SUPPLIED INFORMATION:
╭──
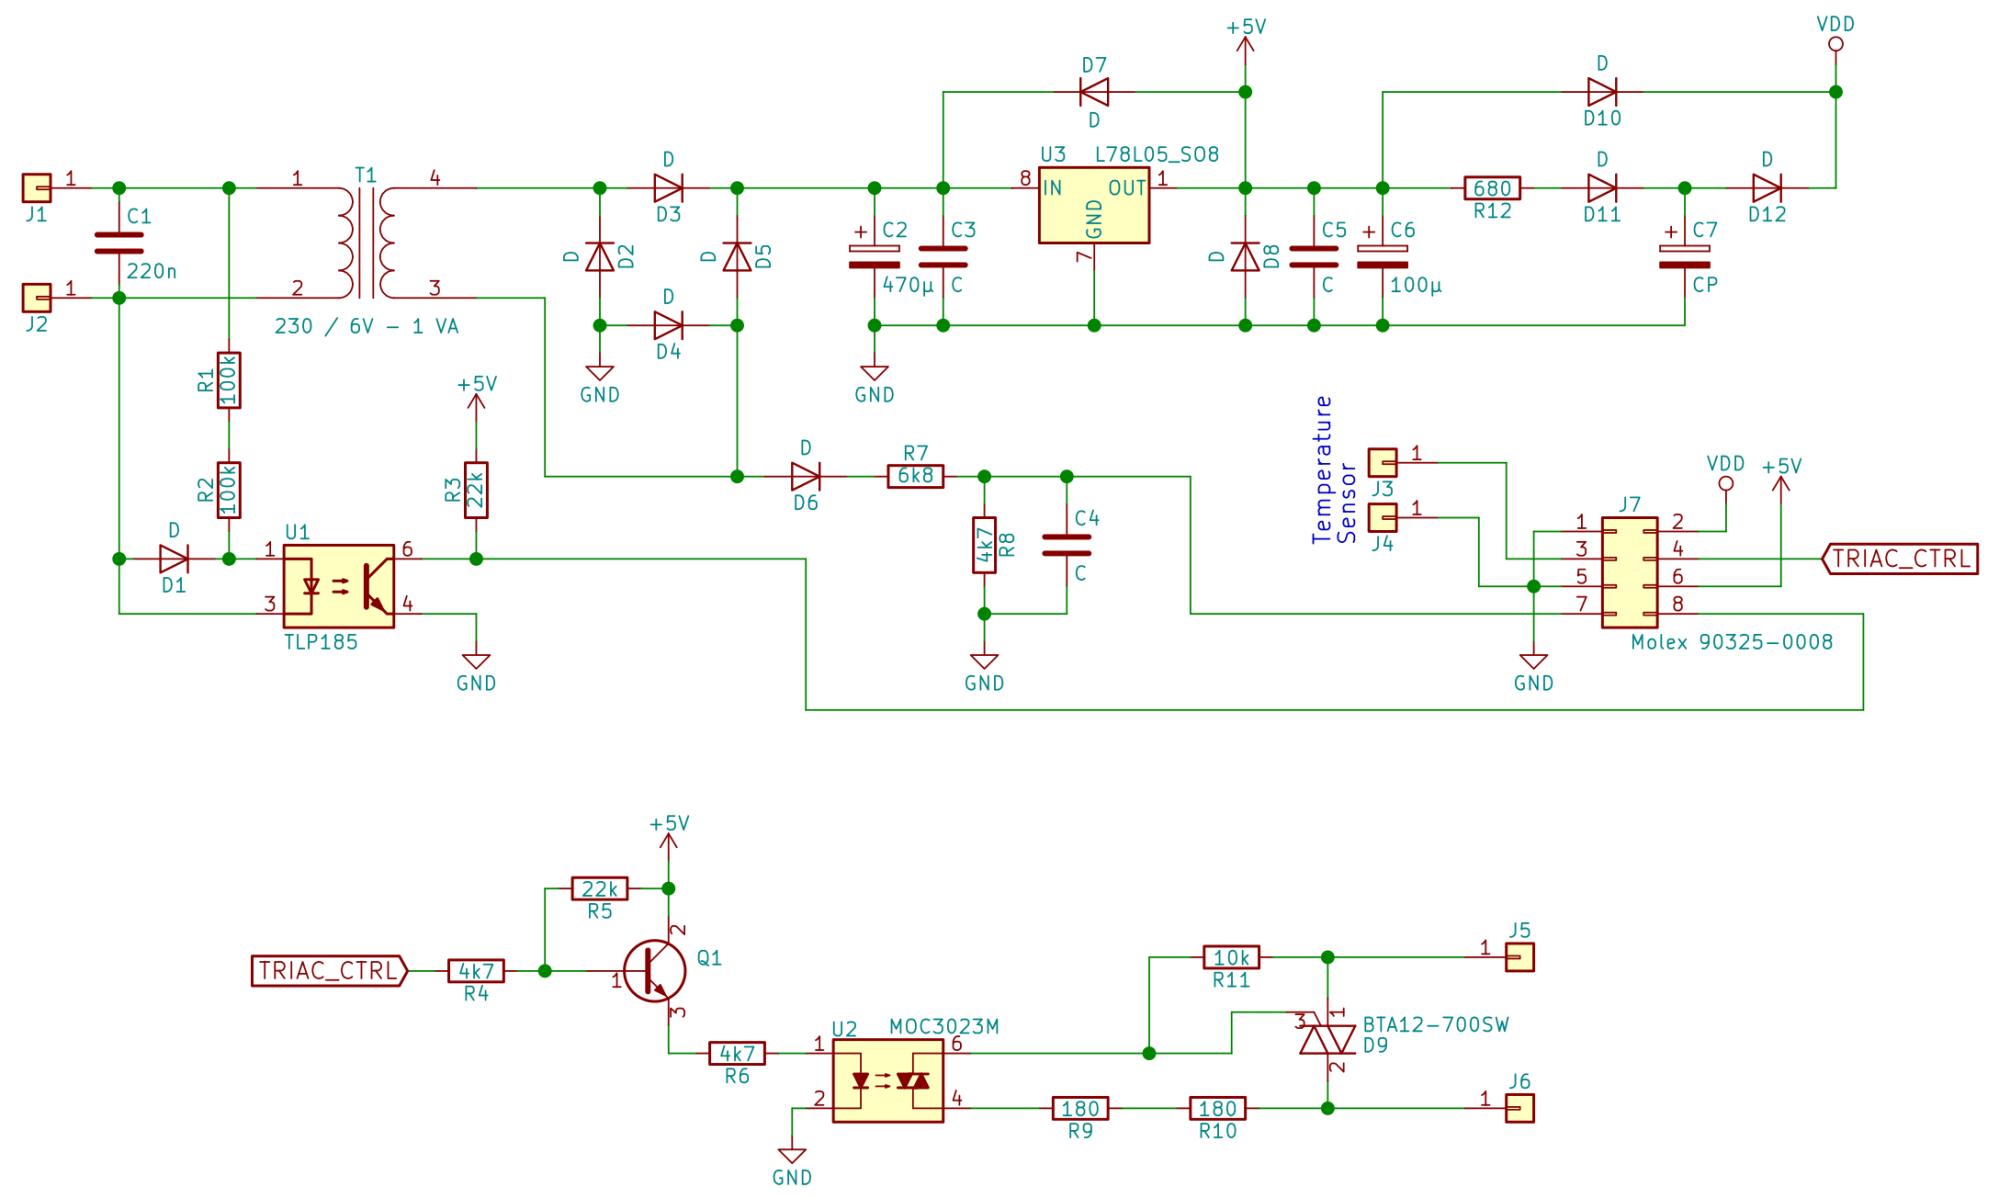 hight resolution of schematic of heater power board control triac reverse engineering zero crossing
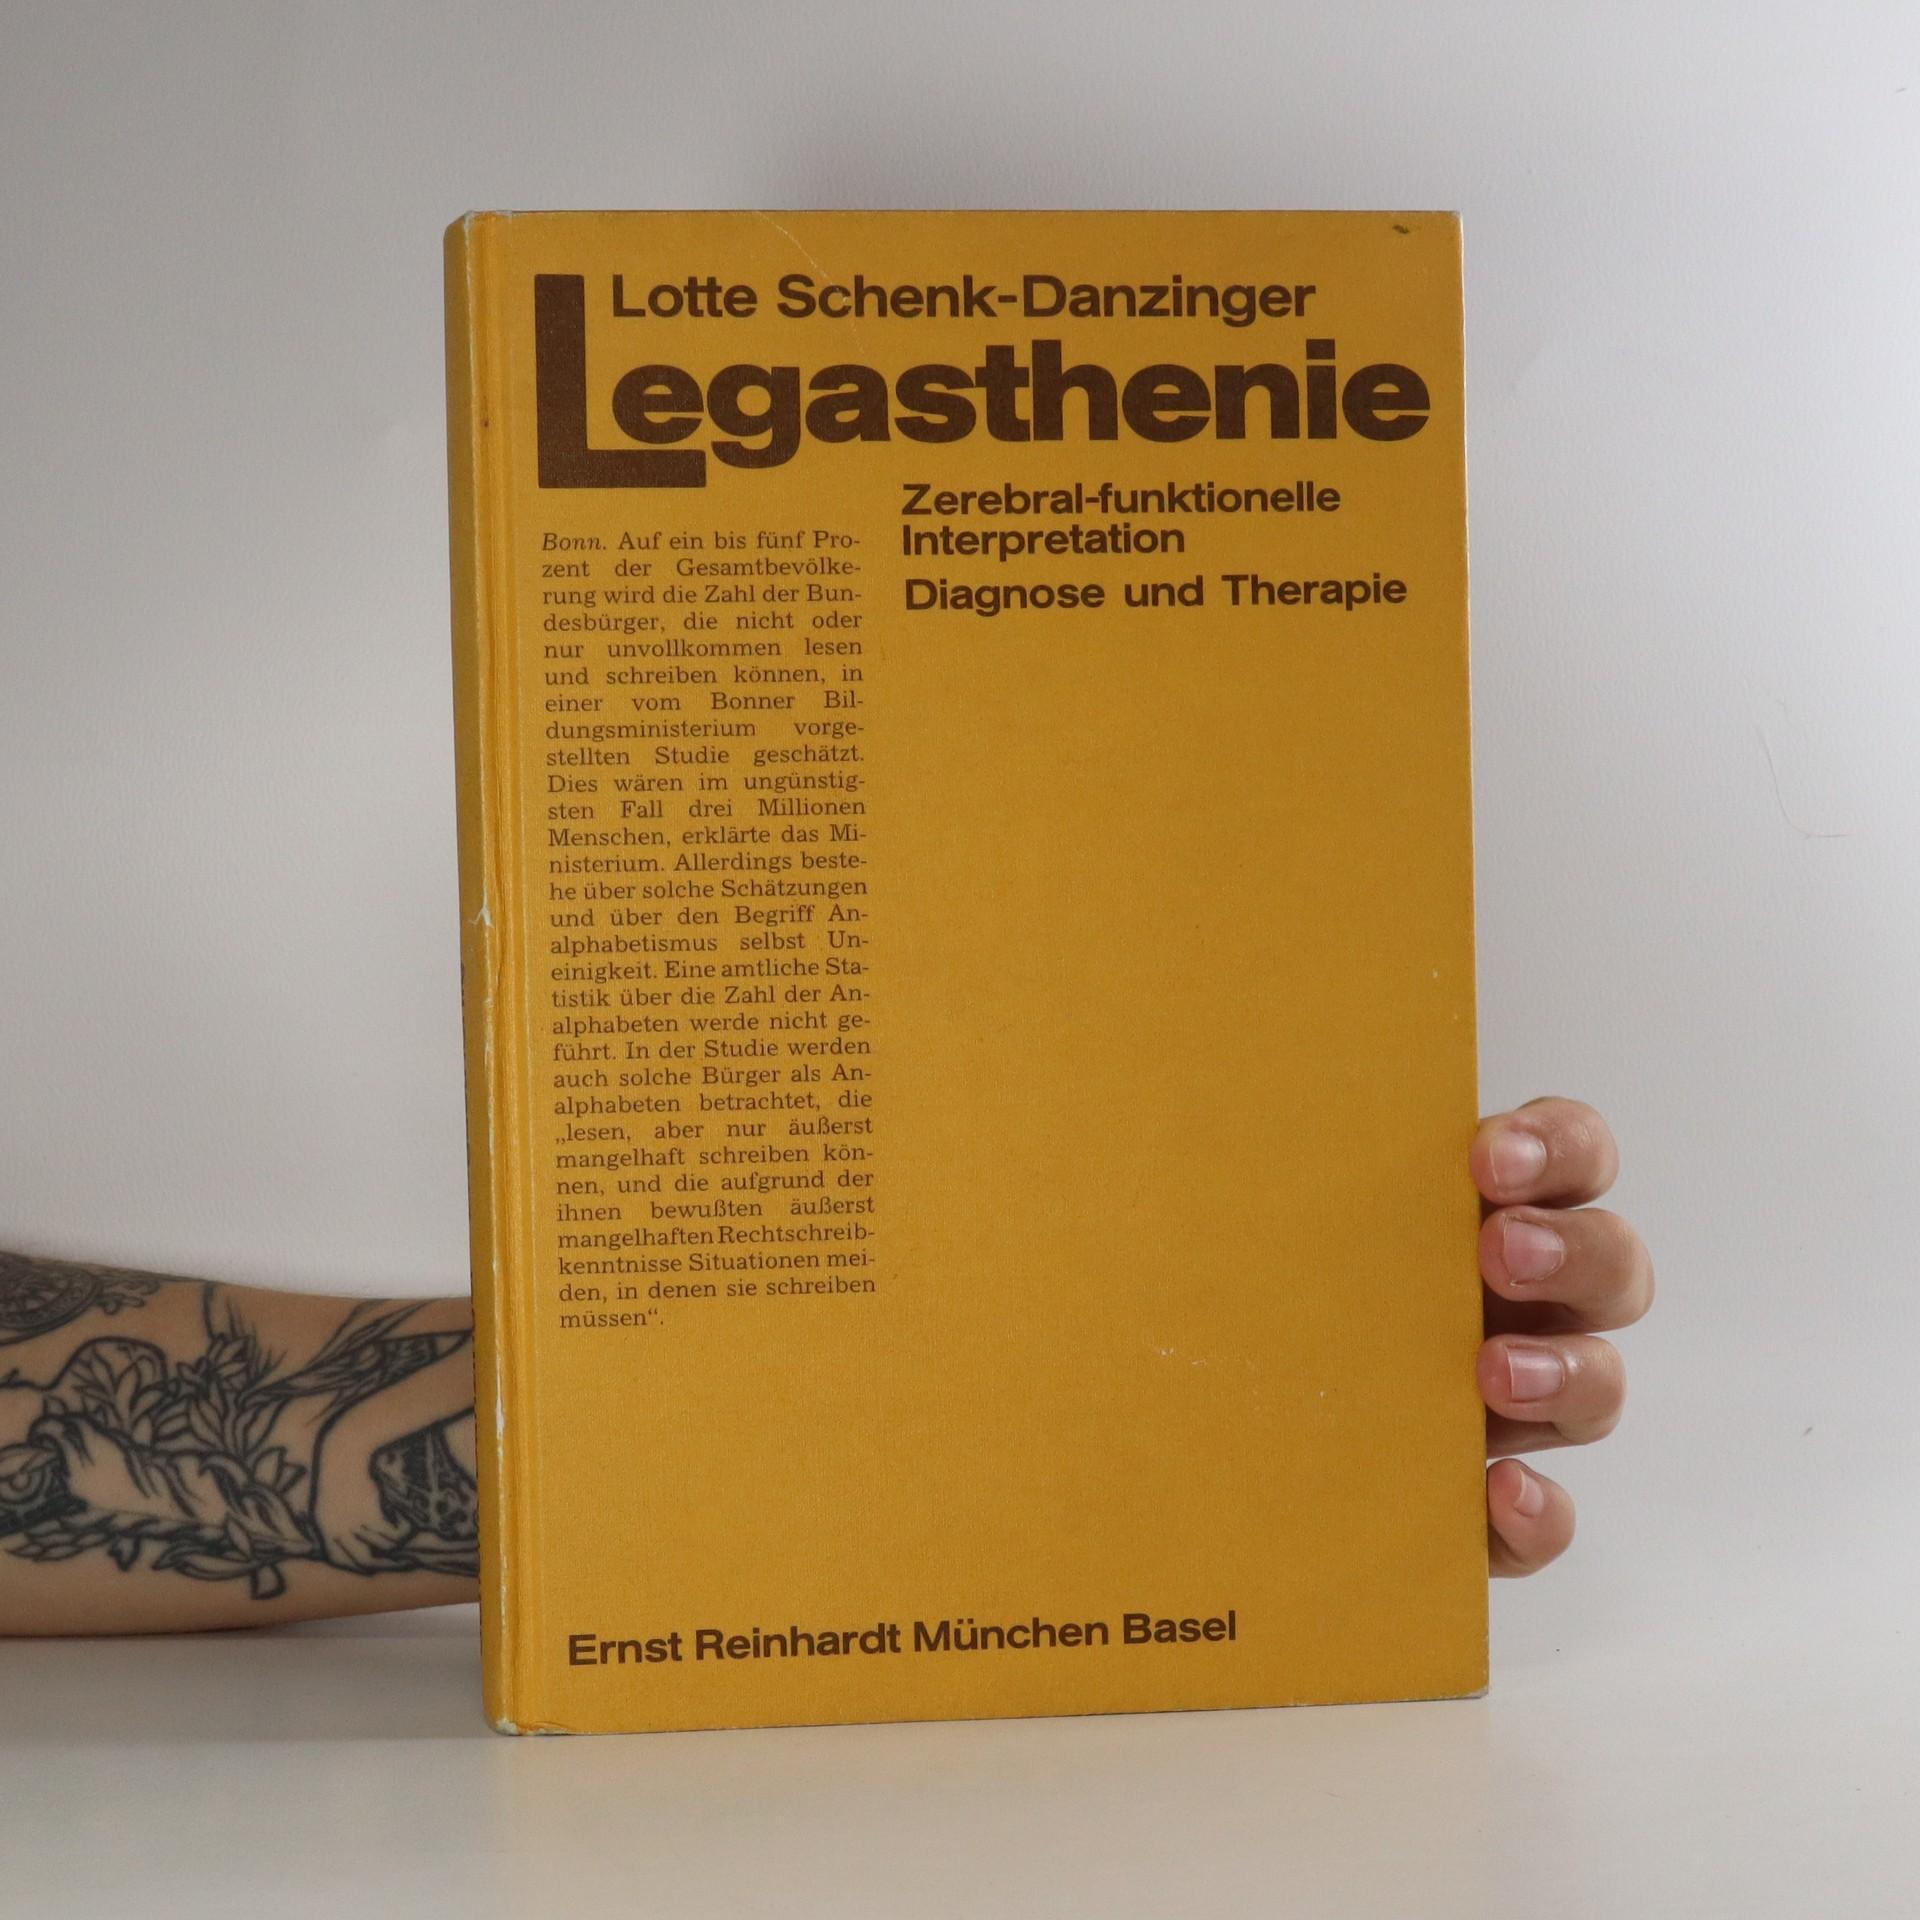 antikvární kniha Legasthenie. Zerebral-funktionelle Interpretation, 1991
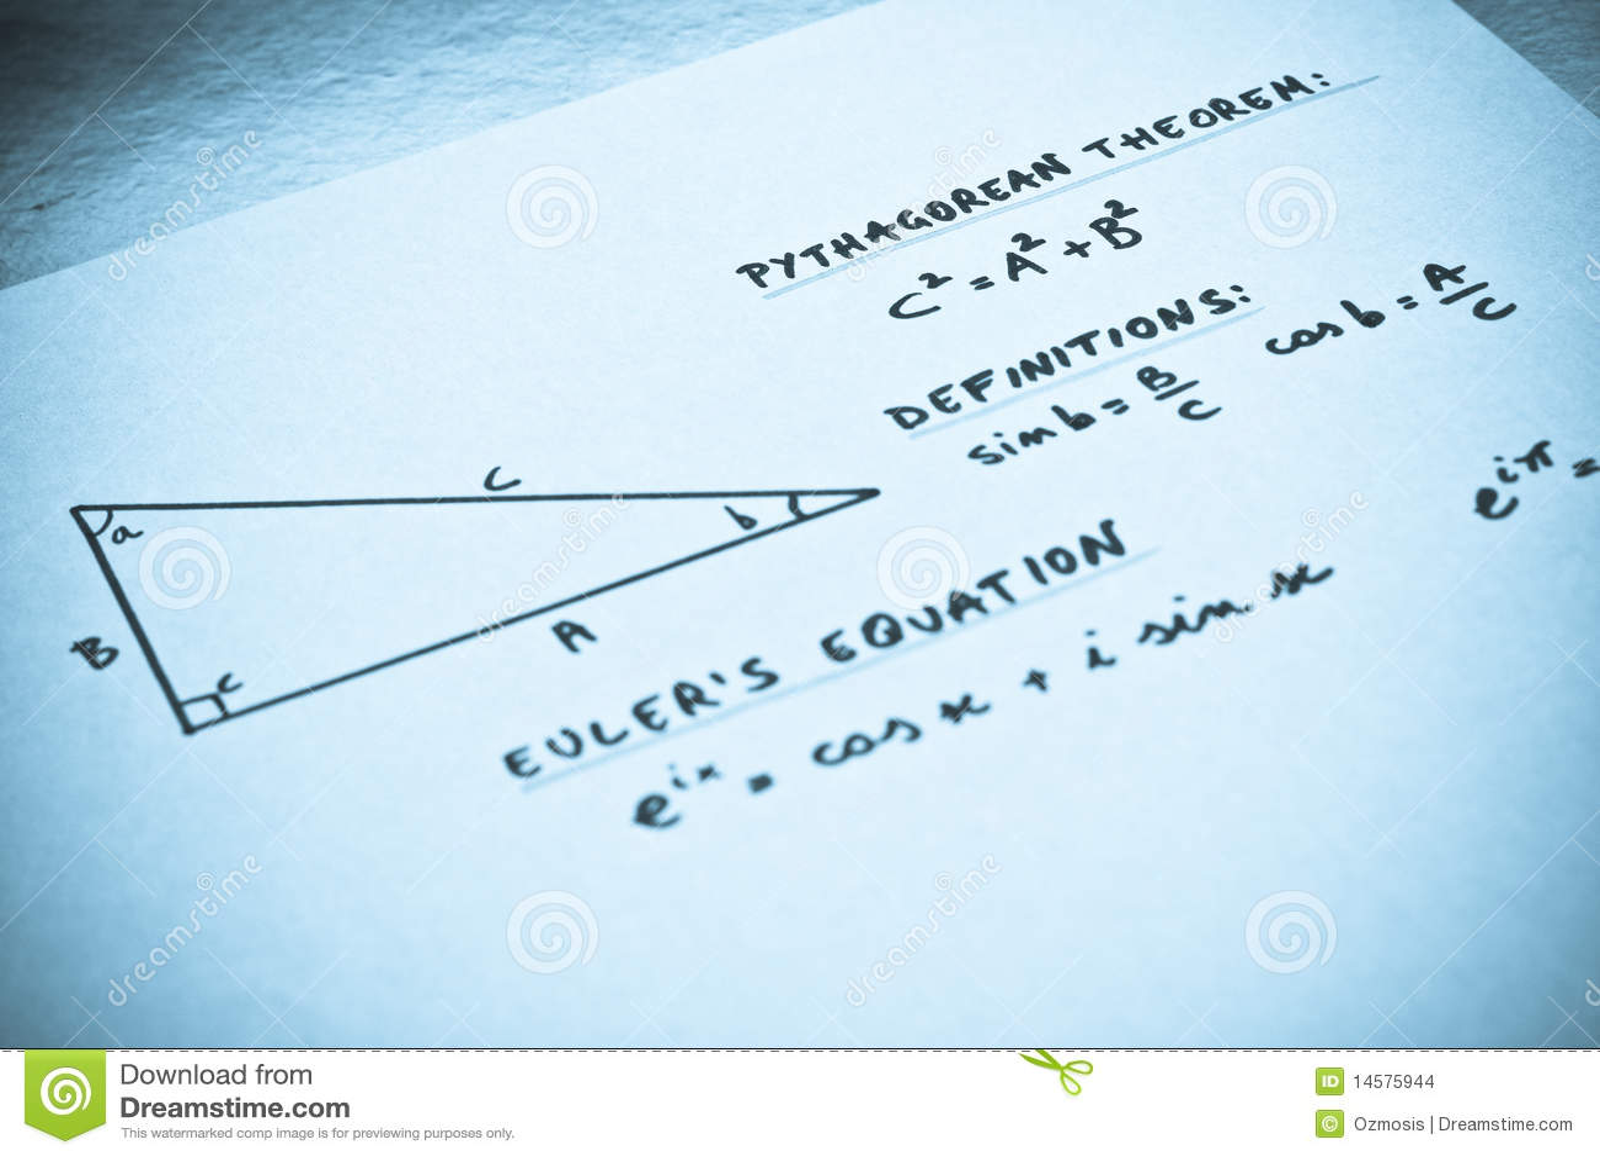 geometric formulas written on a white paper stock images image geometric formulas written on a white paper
╰──
WHAT THE TASK ASKS: The full listing, reproduced exactly and without pictures, is the expected output.

SOLUTION FOR THIS EXERCISE:
 hight resolution of schematic of heater power board control triac reverse engineering zero crossing
 antikvární kniha Legasthenie. Zerebral-funktionelle Interpretation, 1991
 geometric formulas written on a white paper stock images image geometric formulas written on a white paper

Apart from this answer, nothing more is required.